# [Wet Thumb Forum]-A pea soup tank; good idea?



## Stu (Mar 16, 2005)

Bear with me whilst I explain this out.









I'll soon be ready to start off my first major planted tank and was wondering if I could use it to culture vast numbers of daphnia in it's initial stages. I have another tank containing dwarf frogs and so it would be great to supply them with free food!

The plan would be to run the empty (just substrate and water - no plants/fish) tank for a while with strong lights and possibly CO2, to induce lots of phytoplankton. Then seed it with some daphnia and let them feast and multiply.








Then when I am ready to start aquascaping, I'd turn off the lights (& CO2) and let the daphnia clear up the remaining phytoplankton until the water goes clear - allowing me to start the tank properly.

Would this cause problems with other algae that I would struggle to remove after? Would there be any ill affects on the tank after?

I'd rather not hinder my success in planting if this is the case.


----------



## Stu (Mar 16, 2005)

Bear with me whilst I explain this out.









I'll soon be ready to start off my first major planted tank and was wondering if I could use it to culture vast numbers of daphnia in it's initial stages. I have another tank containing dwarf frogs and so it would be great to supply them with free food!

The plan would be to run the empty (just substrate and water - no plants/fish) tank for a while with strong lights and possibly CO2, to induce lots of phytoplankton. Then seed it with some daphnia and let them feast and multiply.








Then when I am ready to start aquascaping, I'd turn off the lights (& CO2) and let the daphnia clear up the remaining phytoplankton until the water goes clear - allowing me to start the tank properly.

Would this cause problems with other algae that I would struggle to remove after? Would there be any ill affects on the tank after?

I'd rather not hinder my success in planting if this is the case.


----------



## imported_russell (Sep 14, 2004)

sounds like an algae paradise, but maybe you could get it to work? if you start getting algae, just shut the lights off for a while.


----------



## Roger Miller (Jun 19, 2004)

Light and CO2 in an unplanted tank won't automatically get you green water. Of all the algae problems I have had in new tanks, green water hasn't been a common one.

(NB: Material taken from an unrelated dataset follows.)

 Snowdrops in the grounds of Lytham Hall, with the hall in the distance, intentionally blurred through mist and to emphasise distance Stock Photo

CO2 may do little or nothing to help grow phytoplankton. They seem to do very well without it. Anything you want to grow will need nutrients. A little added ammonium may be needed to get things growing. You can go through all that and grow periphyton instead of phytoplankton. If that happens then you will be left with a messy-looking new tank that won't grow any daphnia.

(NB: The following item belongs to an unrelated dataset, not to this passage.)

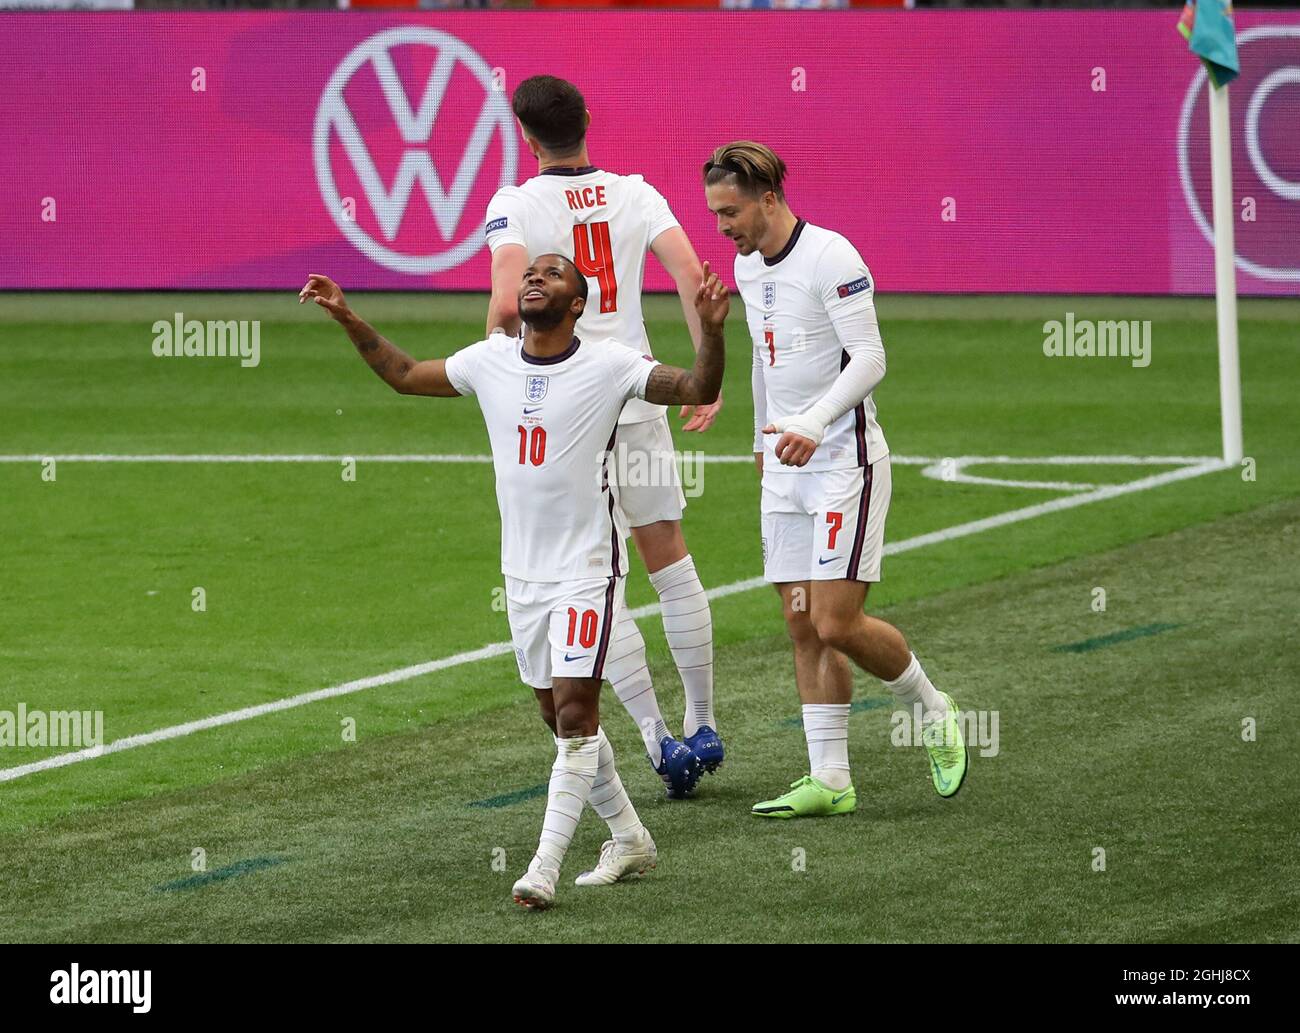 London, England, 22nd June 2021. Raheem Sterling of England celebrates scoring the first goal during the UEFA European Championships match at Wembley Stadium, London. Picture credit should read: David Klein / Sportimage via PA Images Stock Photo

Um, otherwise it seems like a fun idea.


Roger Miller


----------



## Stu (Mar 16, 2005)

> quote:
> 
> Originally posted by Roger Miller:
> CO2 may do little or nothing to help grow phytoplankton. They seem to do very well without it.


Phytoplanktonic organisms photosynthesise much in the same way that aquatic plants do, thus needing the same nutrients and requirements, albeit maybe in different quantities.

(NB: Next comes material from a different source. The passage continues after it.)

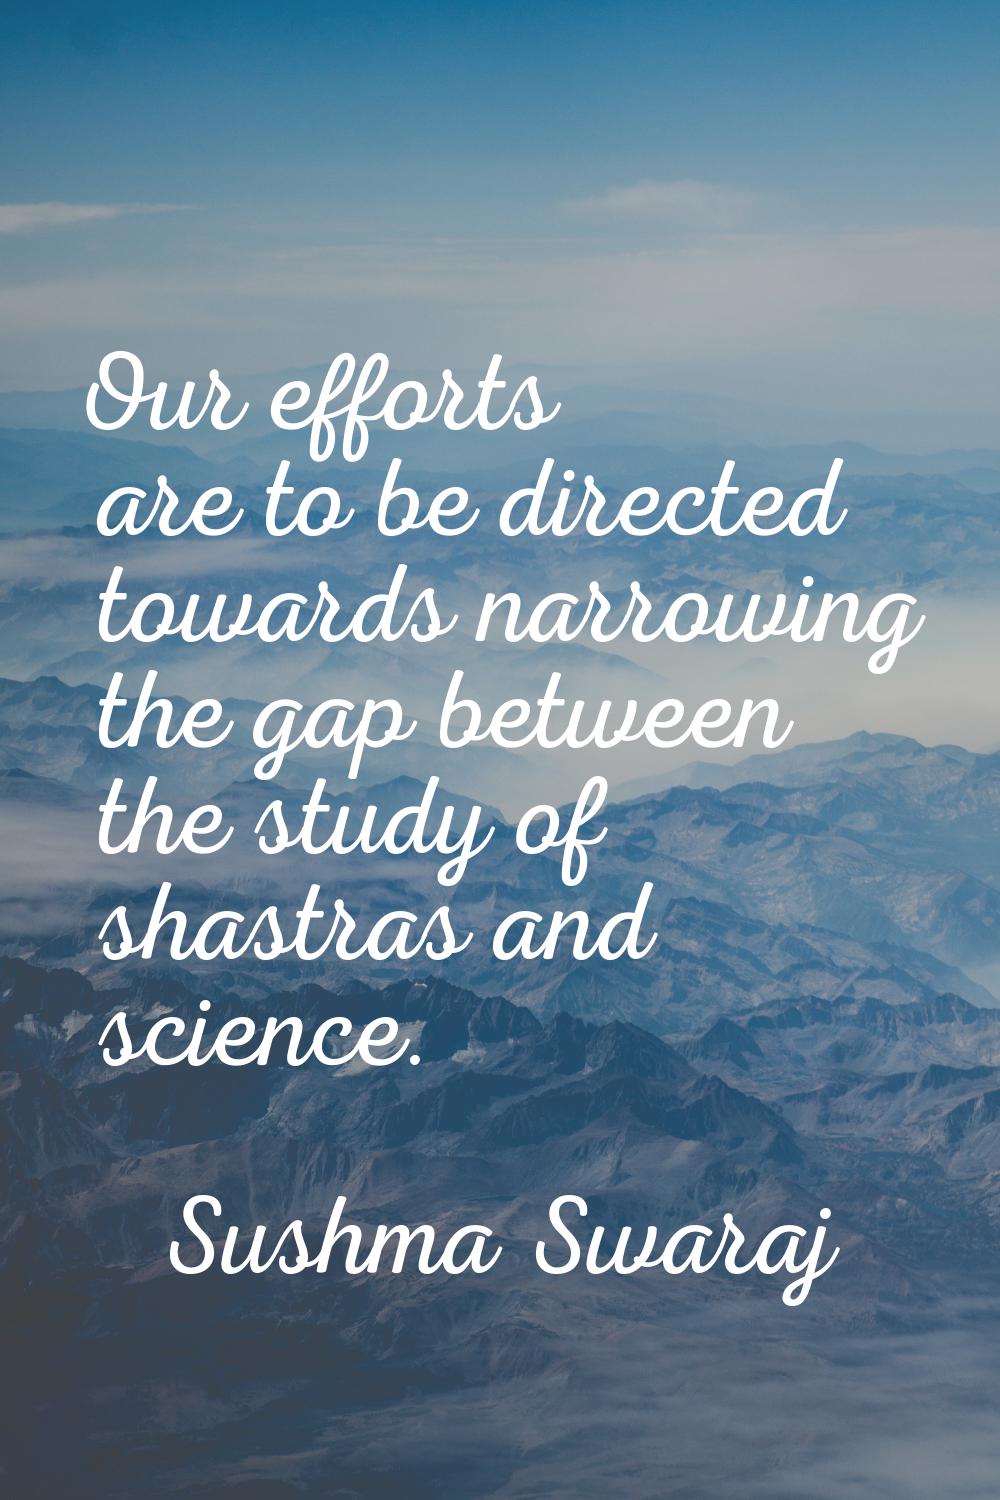 Our efforts are to be directed towards narrowing the gap between the study of shastras and science.

I found this information...


> quote:
> 
> Phytoplankton remove almost as much carbon dioxide from the air as land plants
> 
> For every 106 atoms of carbon they make into organic matter, they need 16 atoms of nitrogen and 1 atom of phosphorous. Most can't use atmospheric nitrogen gas (N2) directly but need chemically reactive forms of nitrogen such as nitrate (NO3-) or ammonium (NH4+). There is always plenty of carbon dioxide so phytoplankton keep growing until they have used up all of the useable nitrogen or all of the phosphorous, which ever runs out first.


Phytoplankton populate the surface of water bodies naturally because that is where the sun's warmth has heated the water, where CO2 can be utilised from the atmosphere and where nutrients reside that have been brought up in the convection currents.

Therefore, surely if I provide CO2 throughout the water, heat, dose high levels of NH4 and PO4 and illuminate all the water (easily possible with my power compacts), then this will create hopefully near ideal conditions for growth?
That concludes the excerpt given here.